§ **Input data**
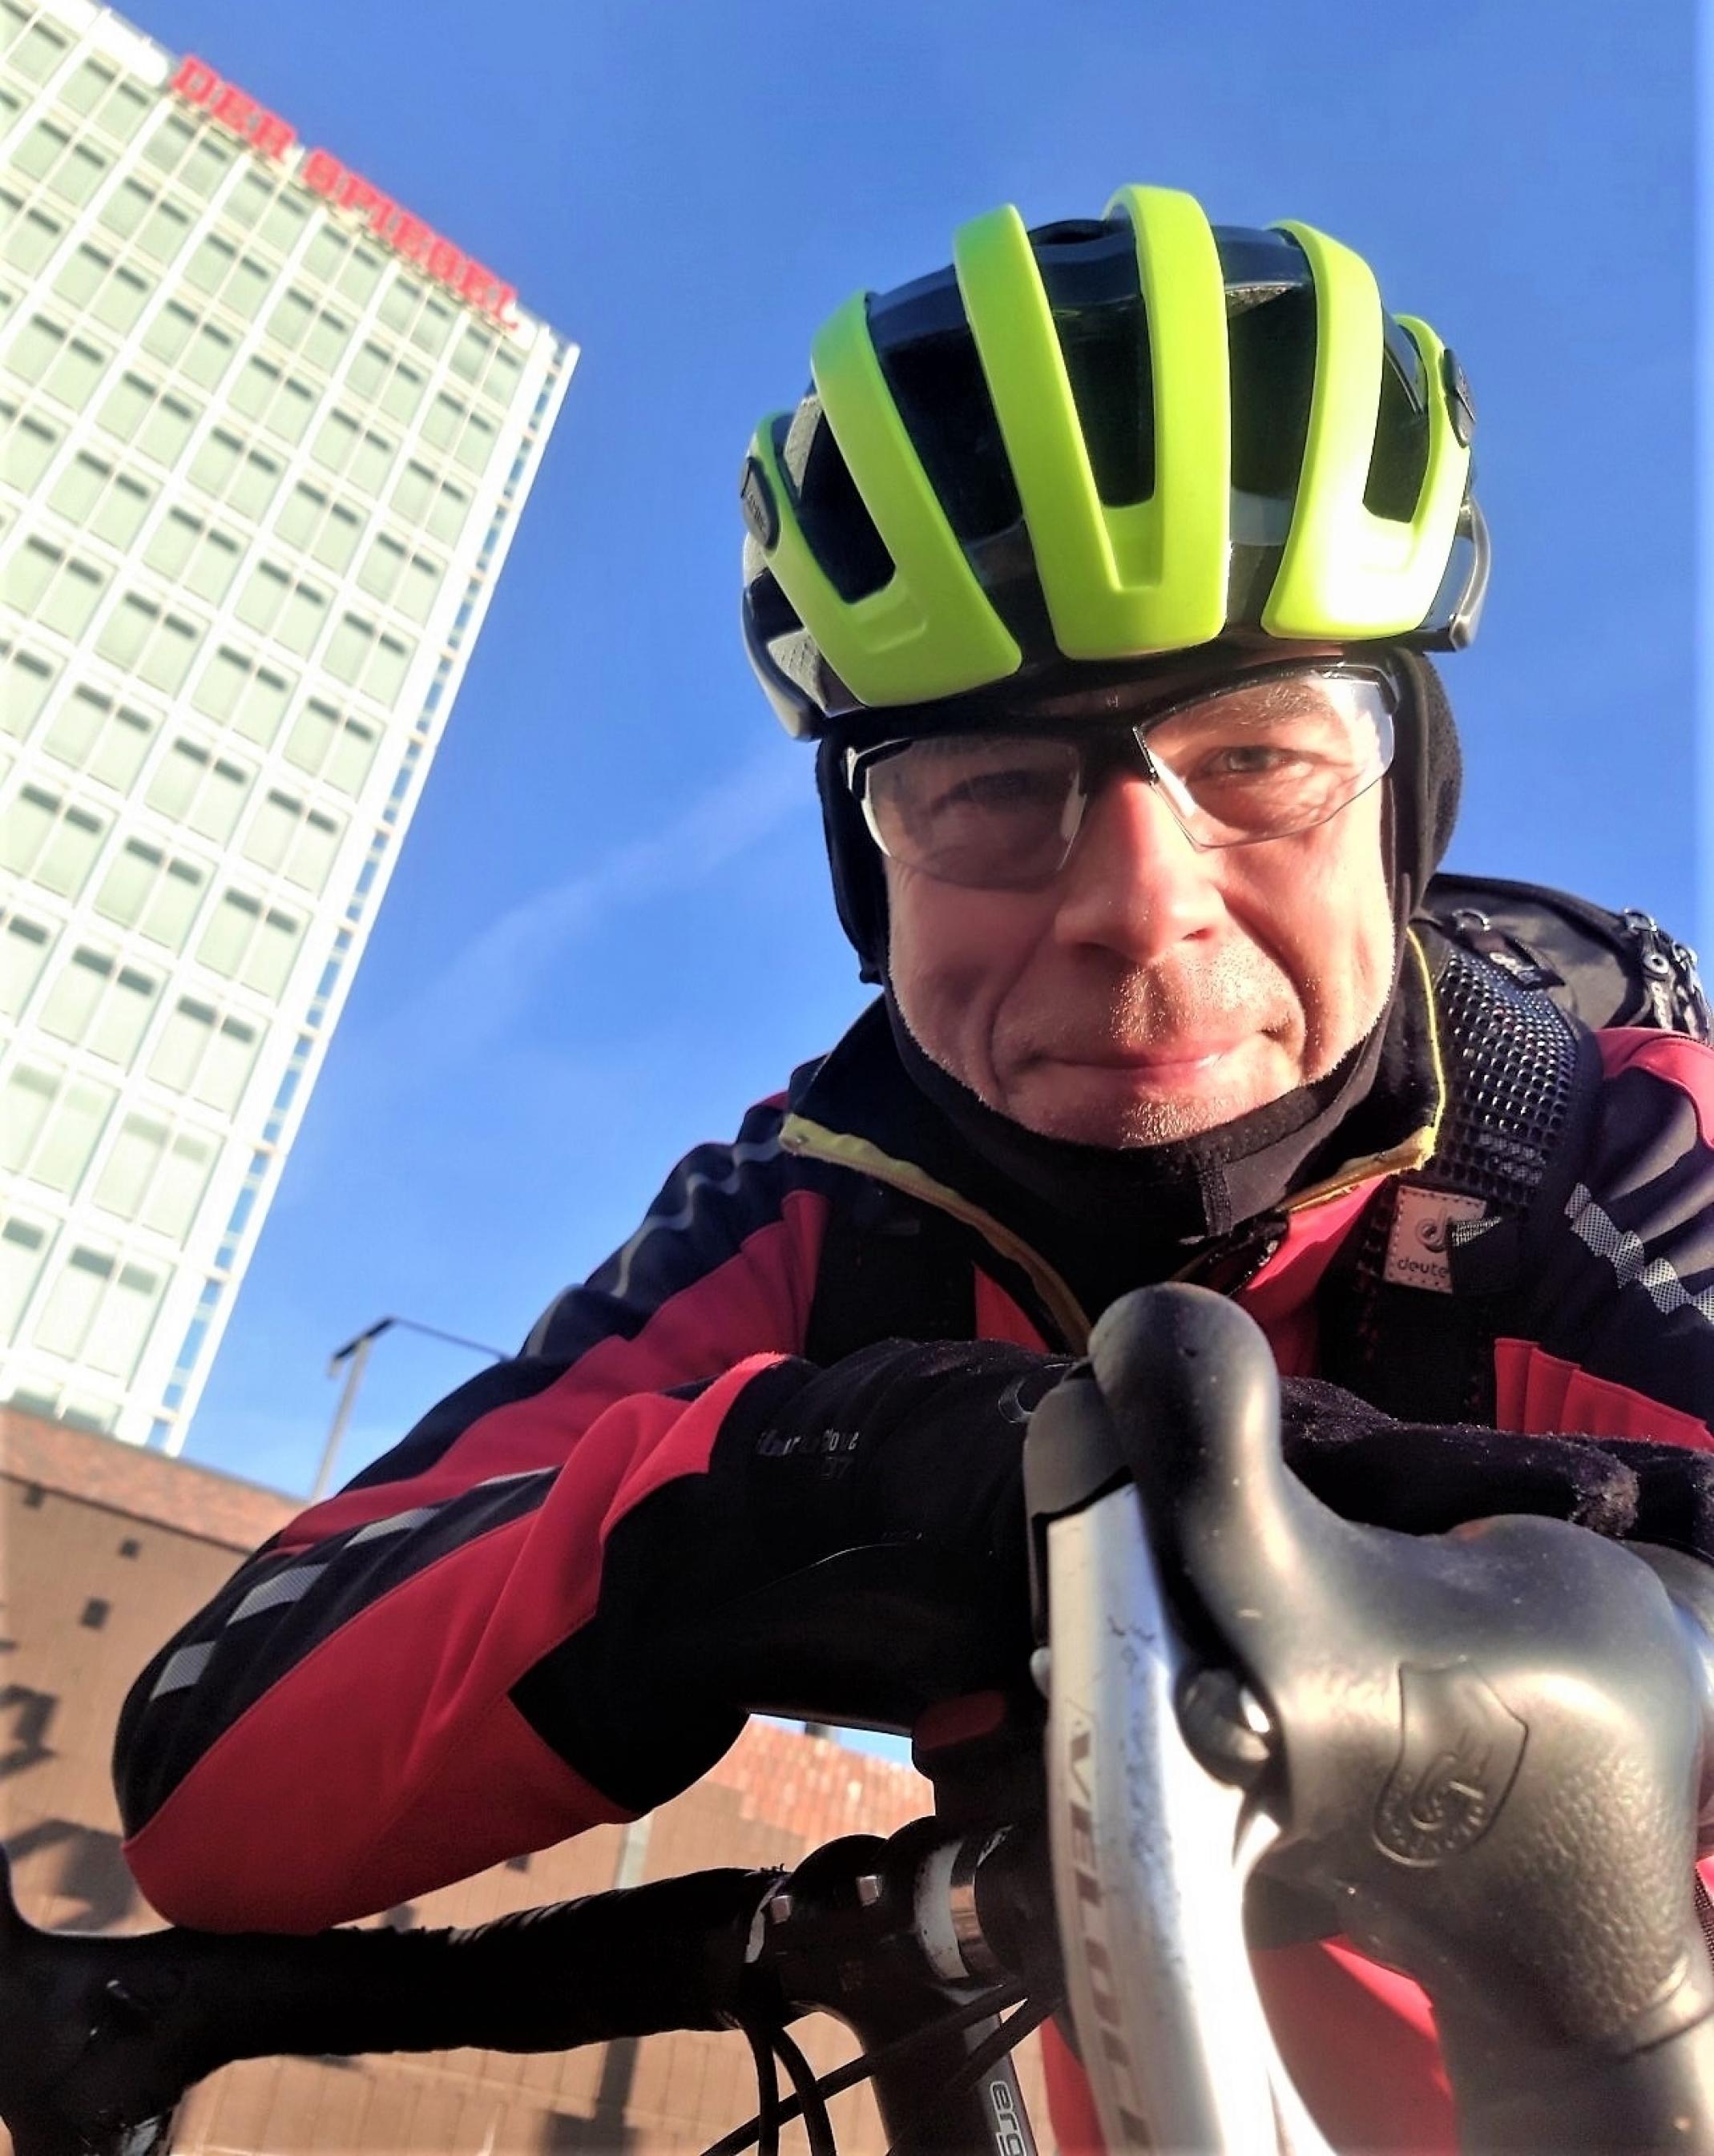 Der behelmte und dick eingemummelte Reporter lugt über den Lenker seines Rennrads; im Hintergrund ragt das vom roten Schriftzug „Der Spiegel“ gekrönte Hochhaus in einen stahlblauen Himmel
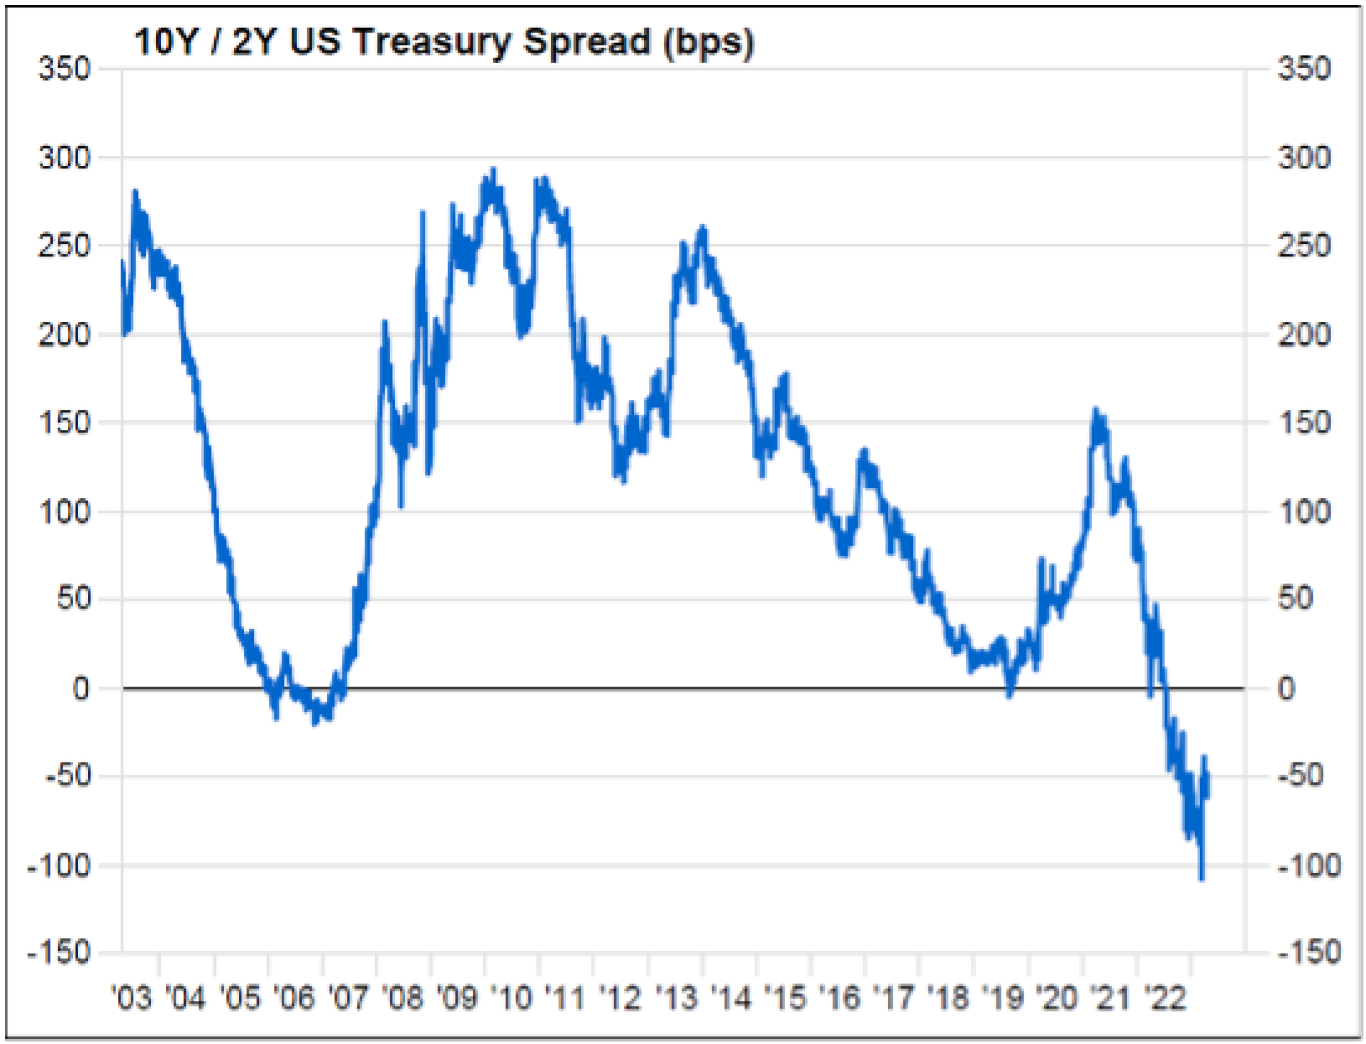 10 Yr/2 Yr Treasury Spread
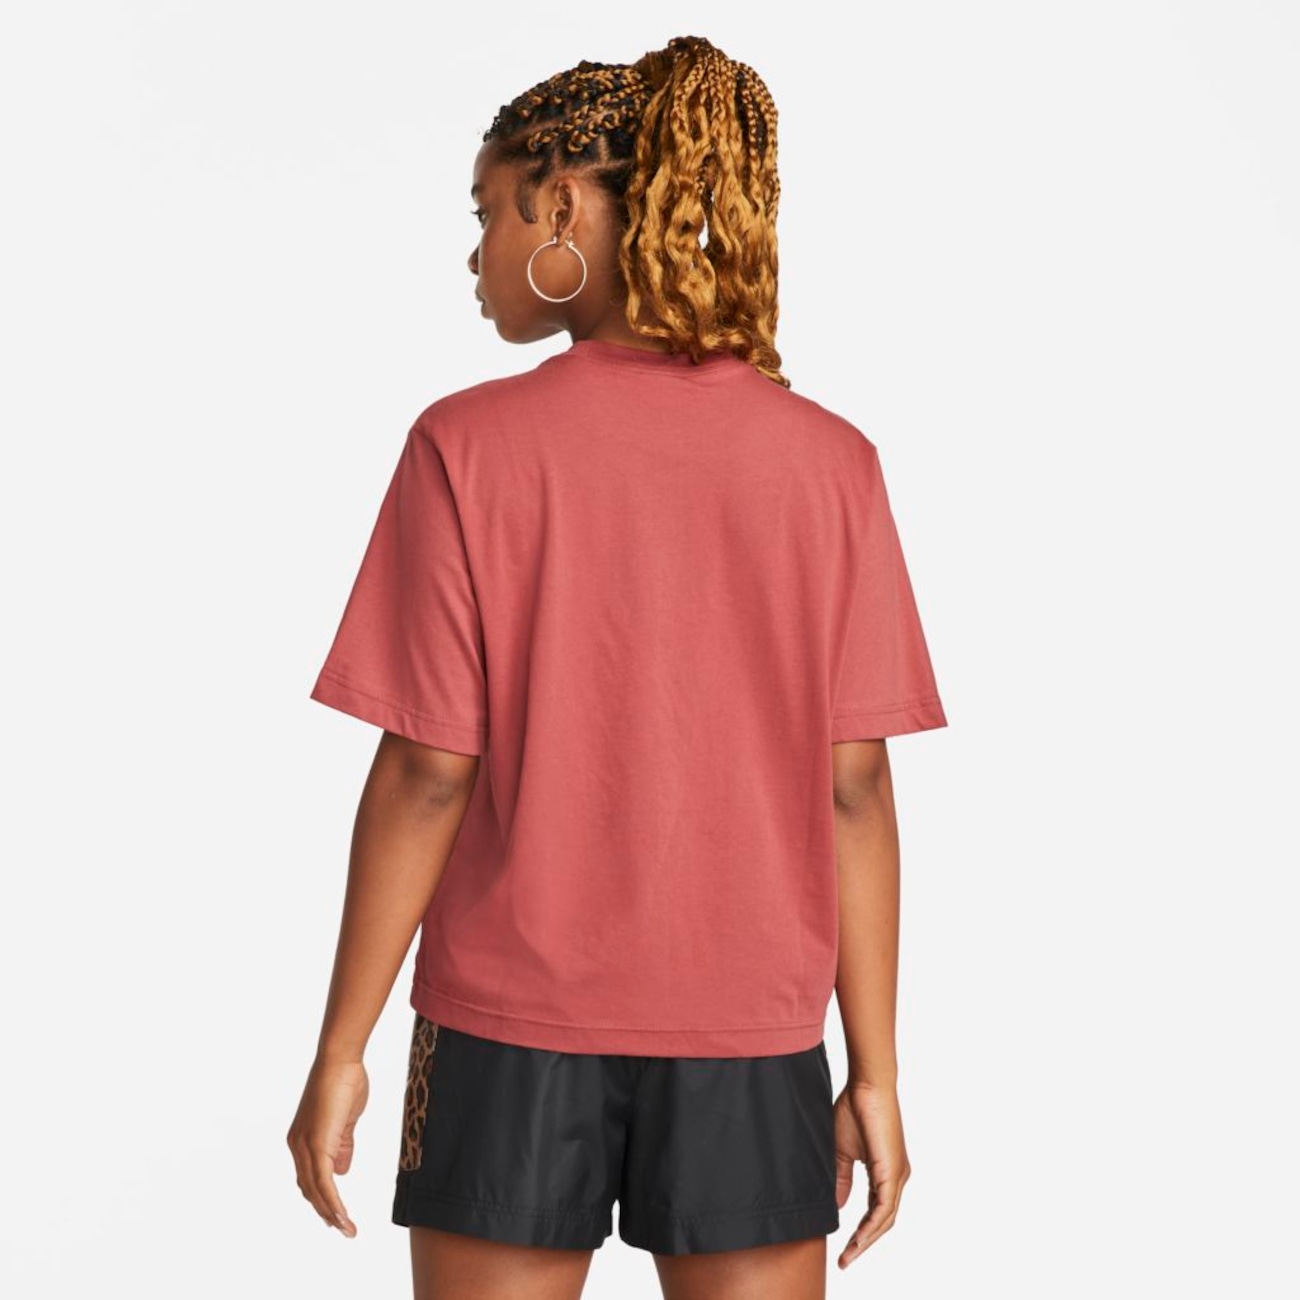 Camiseta Nike Sportswear Feminina - Foto 2

§ **Exercise directions**
Copy out every line of the data exactly, leaving the images behind.

§ **Reply**
 Der behelmte und dick eingemummelte Reporter lugt über den Lenker seines Rennrads; im Hintergrund ragt das vom roten Schriftzug „Der Spiegel“ gekrönte Hochhaus in einen stahlblauen Himmel
 10 Yr/2 Yr Treasury Spread
 Camiseta Nike Sportswear Feminina - Foto 2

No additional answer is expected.